July 19, 2011, 7:42 PM — It's scary out there in the cloud. Data thieves, hackers, criminals, they're all out there scouring the Internet around the clock for ways to get into your corporate networks so they can steal data from poorly protected businesses.
So how can your enterprise safely use the cloud and what do you need to know about protecting your data and infrastructure from the bad guys?
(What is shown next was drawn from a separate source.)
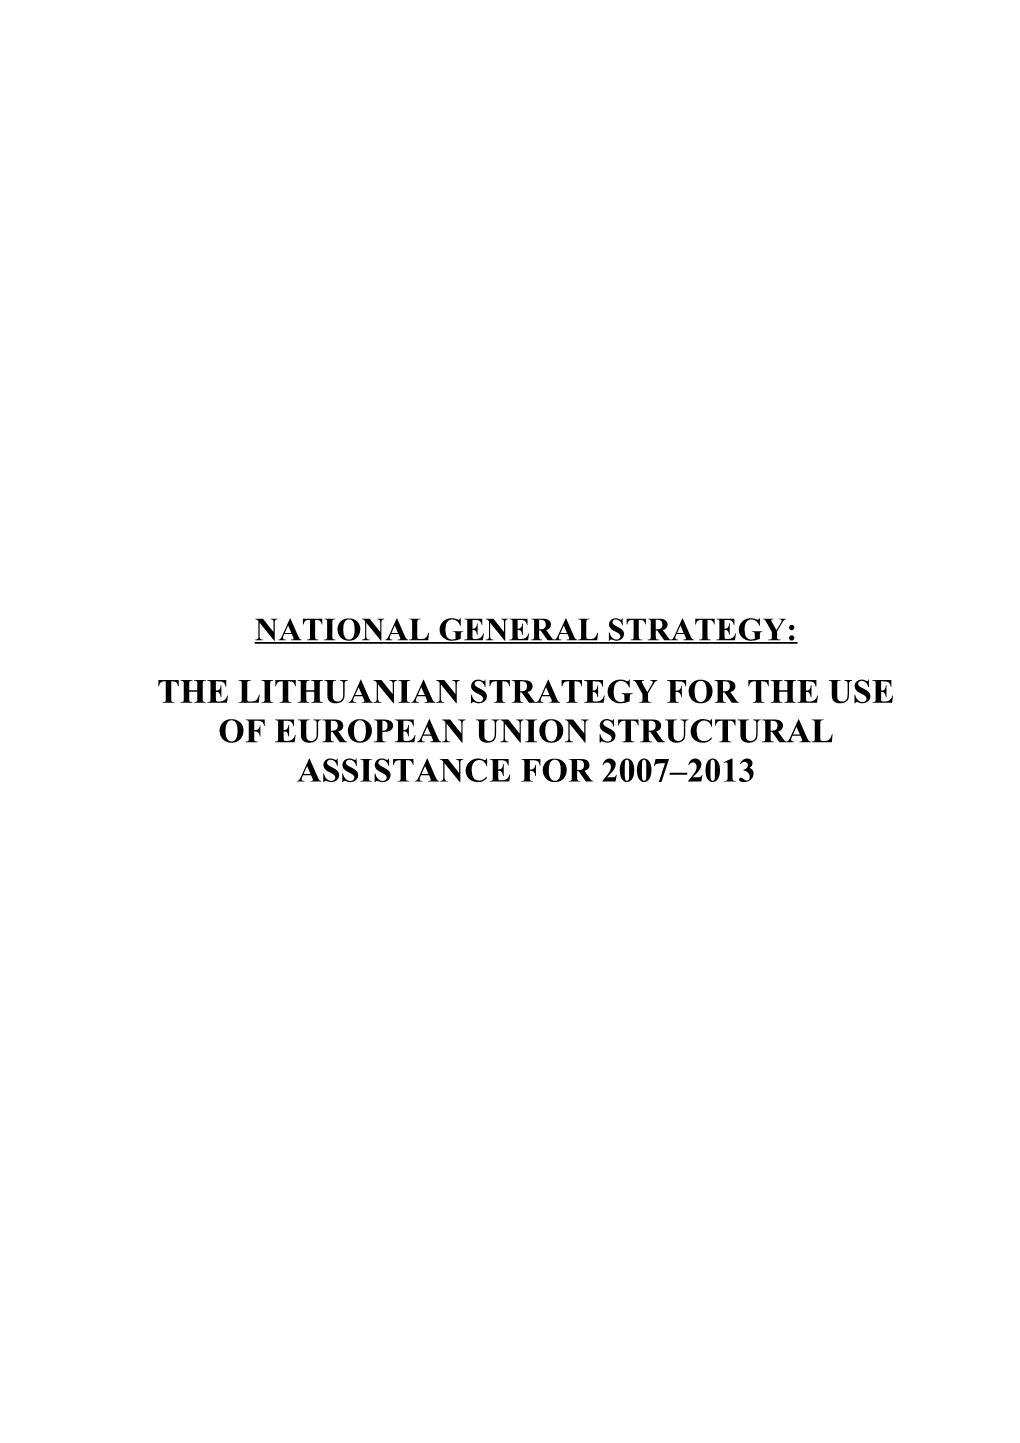 The Lithuanian Strategy for the Use of European Union Structural Assistance for 2007 2013

Is it even possible that your business can safely use cloud computing?
None of these are simple questions, says Ara Trembly, principal of The Tech Consultant, an IT consultancy.
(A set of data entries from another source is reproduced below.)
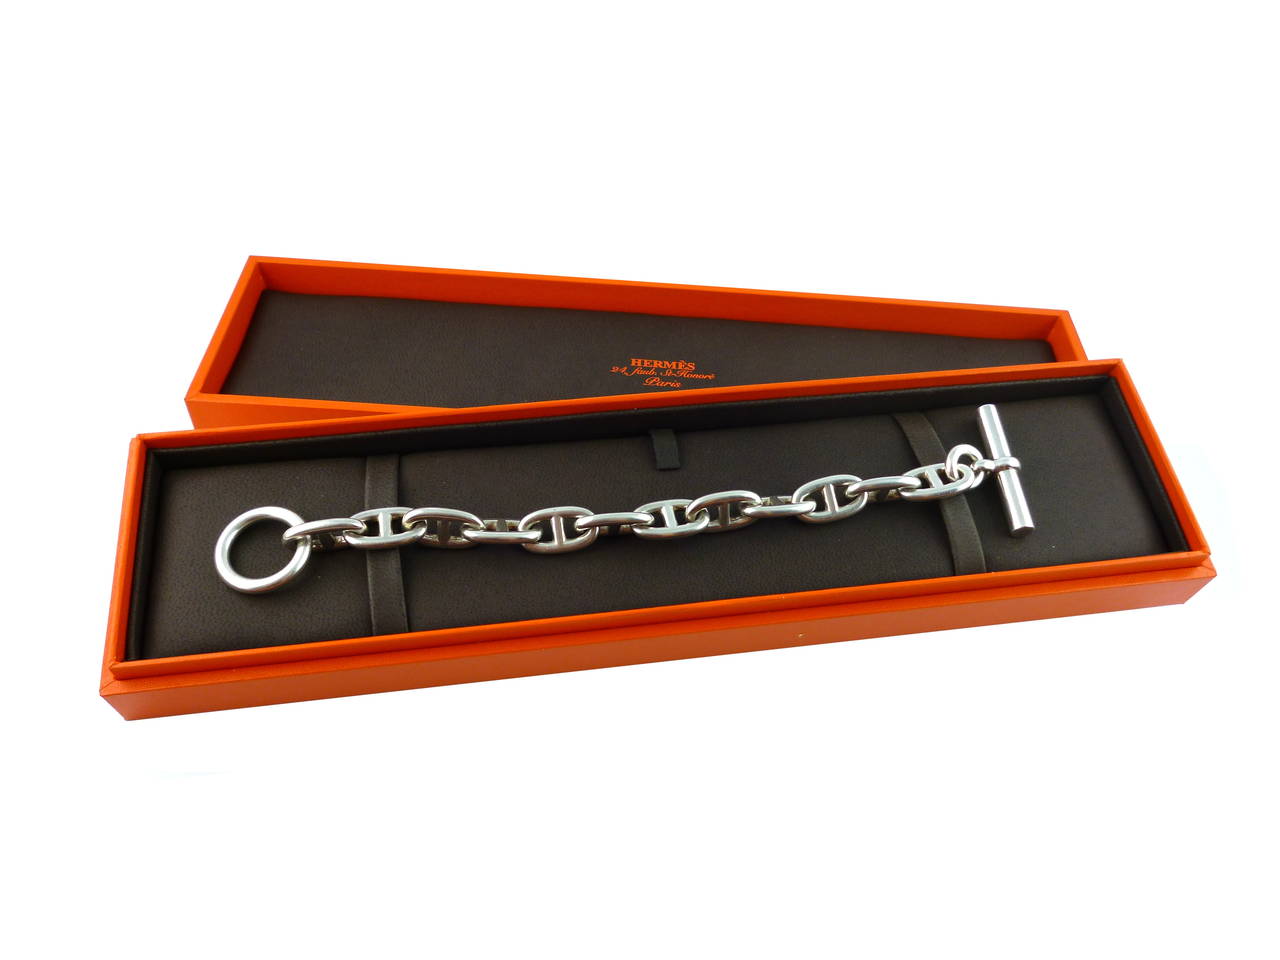 HERMES Paris iconic Chaine d'Ancre 925 solid silver link bracelet.

GM Size.
12 links.
Toggle clasp.

Marked "HERMES".
Fully hallmarked including maker's hallmark, Ag 925 and French silver hallmark "Minerve".

Indicative

The first thing to do is to take a magnifying glass to your business and be totally honest with yourself as you review your organizational processes, security concerns and the value and importance of your business data, Trembly says.
"For some businesses, it will be inadvisable to use the cloud," Trembly says. "A business that uses data as its lifeblood" won't want to put that data out there where it would be more vulnerable. "Insurance companies are one of those businesses, as well as financial institutions, medical centers and doctor's offices."
The problem is that if these kinds of businesses don't have their critical data in-house where they can work to maximize its protection and minimize the risks, then they can't be certain that the security is as good as it needs to be. "It's so easy for HIPAA violations to occur. Not that they're all being prosecuted right now, but they could be,"
Will it ever be possible that enterprises with super-critical data security requirements like these could ever use the cloud, whether public or private? Or will these kinds of security challenges make that impossible?
"At the moment I would say no," Trembly says. "The problem with the cloud and with any online application is that online security is really pretty bad and I don't expect that to improve significantly. And the reason it is so bad is that information is sellable, so if someone steals it, they can sell it. I think that some people do say that these problems will be solved eventually, but I don't think so."
That's the real challenge for data security, he says, because the criminals can stay ahead of the white hats who are working to prevent the intrusions and hacks that occur on a regular basis. "They go after Social Security numbers and anything that allow someone to pose as someone else. Anything collected in the realm of industrial espionage is sellable."